El Paso, Texas 79935
US Des. Pat. No. 219558
Permanent Magnet Power

And also, what thrust do you recommend for a 1232 flat bottom jon? I'm just trying to judge off of how fast this motor pushes my boat before I make my purchase of a new motor.


----------



## JasonLester (Apr 19, 2012)

I have an old 17lb thrust Minn Kota, and a fairly new Minn Kota Endura 30... Both push my 14 foot SeaNymph along pretty good. Obviously the 30 does better. However the 17 doesn't to to bad. I do like that the 30 has a slower speed than the 17...yep a slower speed....and it also has a faster one. On my second trip out with it I was glad I had it as it was windy that day...so the extra thrust was great... 
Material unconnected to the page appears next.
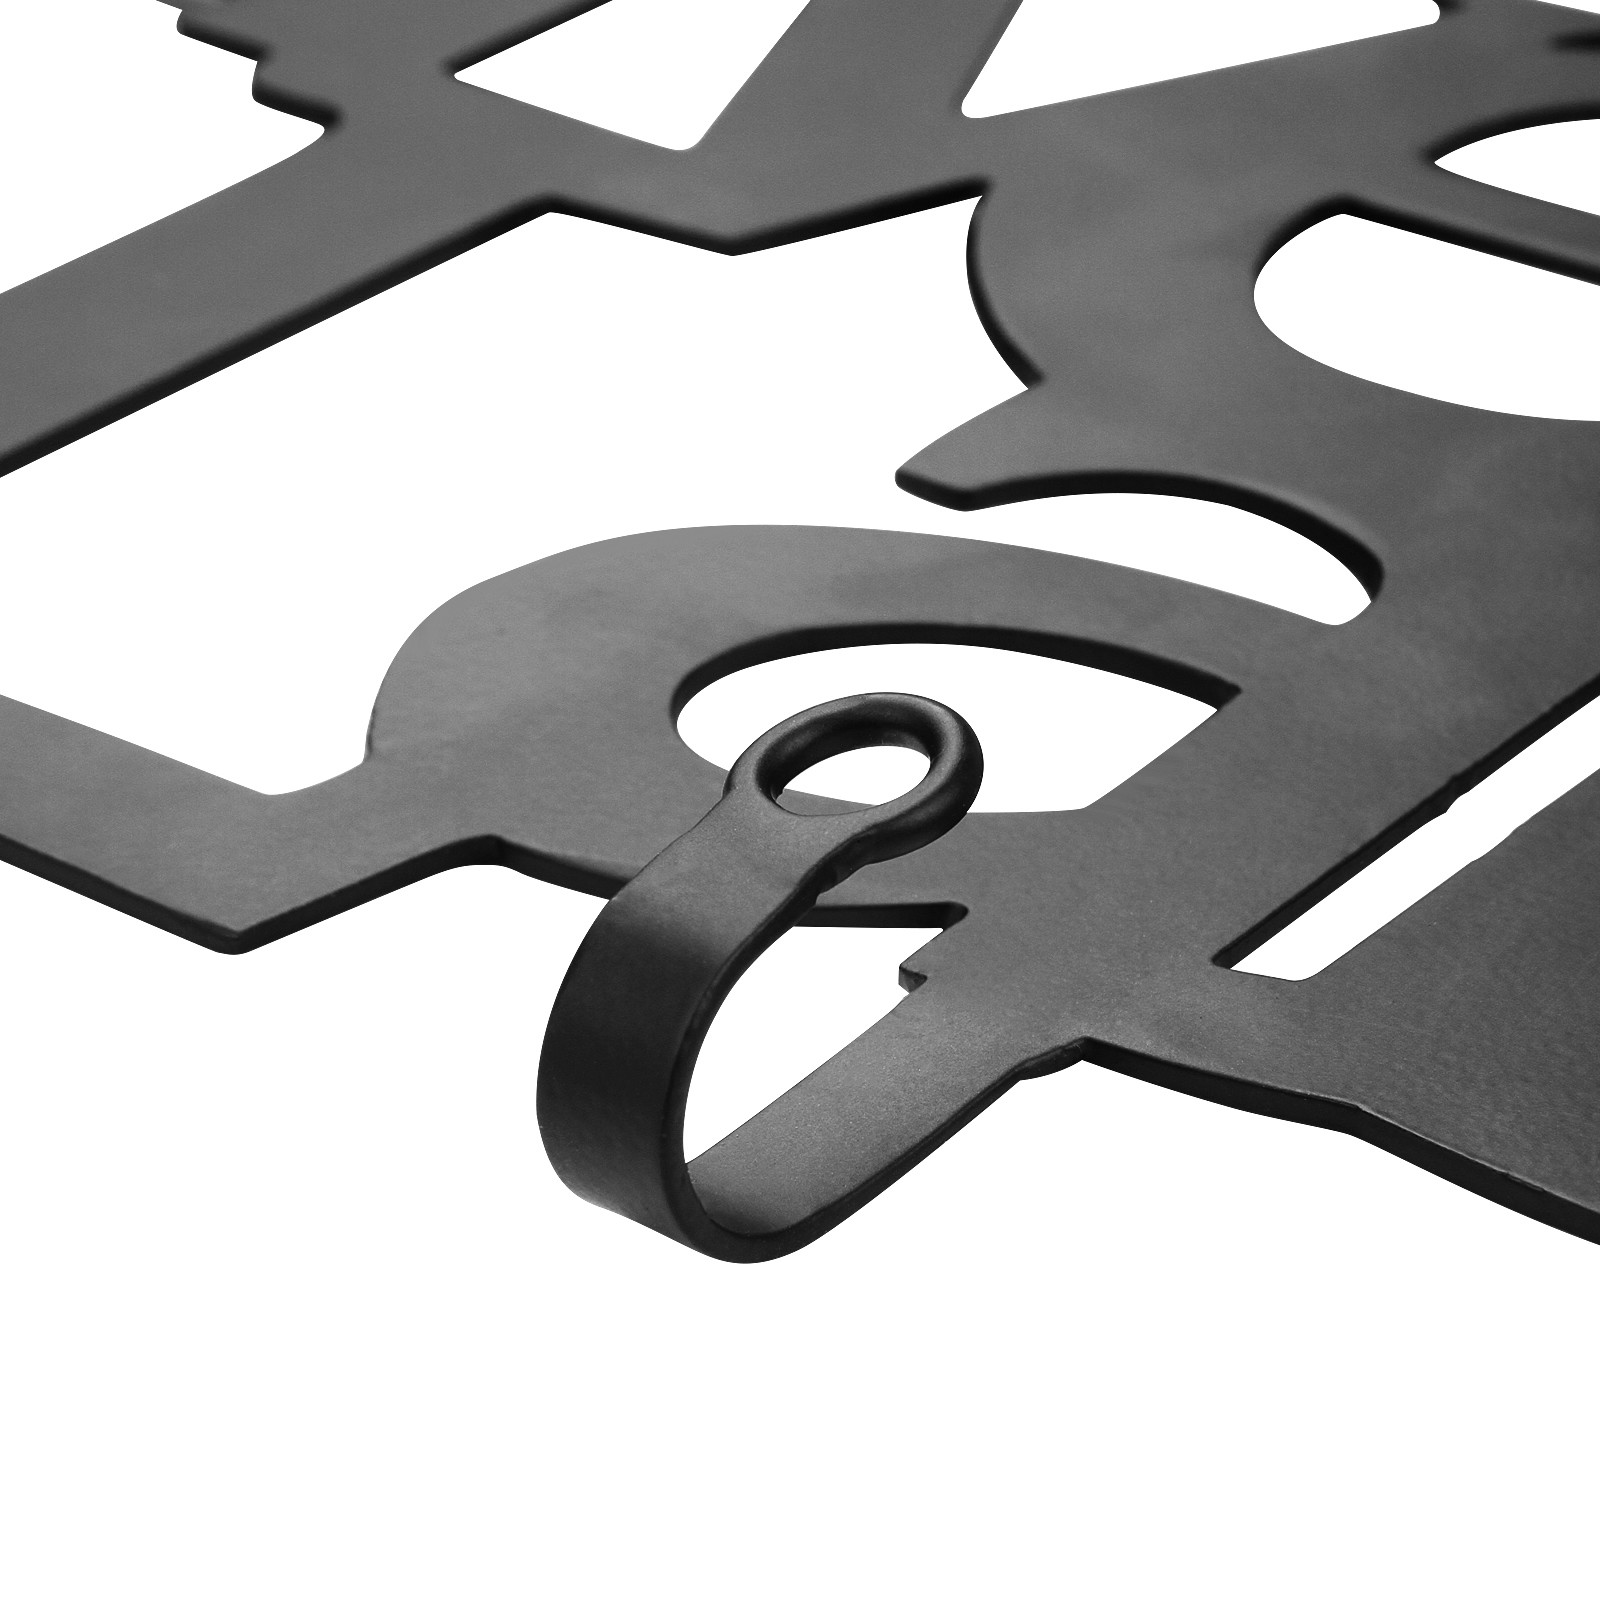 wandgarderobe flurgarderobe metall 6 haken im live love laugh design ebay. Black Bedroom Furniture Sets. Home Design Ideas

I think the 30's are about the smallest new ones now...should do your boat fine. Not sure on your grandpa's old motor but you could give it a try and see how it does. Do it on a calm day or in a calm area of the lake so you can see what it does with no wind first then try on a windy day....but I would have backup. If I hadn't had the 30 I think I may have had to paddle back...(outboard wasn't running right, water in the fuel) 

Thats my .02 worth.


----------



## Beefer (Apr 19, 2012)

This is just a wag, but I'd say your tm has 4 or 40lbs of thrust. :?:


----------



## carrothead (Apr 19, 2012)

JasonLester said:


> I have an old 17lb thrust Minn Kota, and a fairly new Minn Kota Endura 30... Both push my 14 foot SeaNymph along pretty good. Obviously the 30 does better. However the 17 doesn't to to bad. I do like that the 30 has a slower speed than the 17...yep a slower speed....and it also has a faster one. On my second trip out with it I was glad I had it as it was windy that day...so the extra thrust was great...
> 
> I think the 30's are about the smallest new ones now...should do your boat fine. Not sure on your grandpa's old motor but you could give it a try and see how it does. Do it on a calm day or in a calm area of the lake so you can see what it does with no wind first then try on a windy day....but I would have backup. If I hadn't had the 30 I think I may have had to paddle back...(outboard wasn't running right, water in the fuel)
> 
> Thats my .02 worth.


I've used it before, and on a windy day it's questionable as to if it will move the boat. I'm looking to get one just a little bigger than it, if I just knew what it was.


----------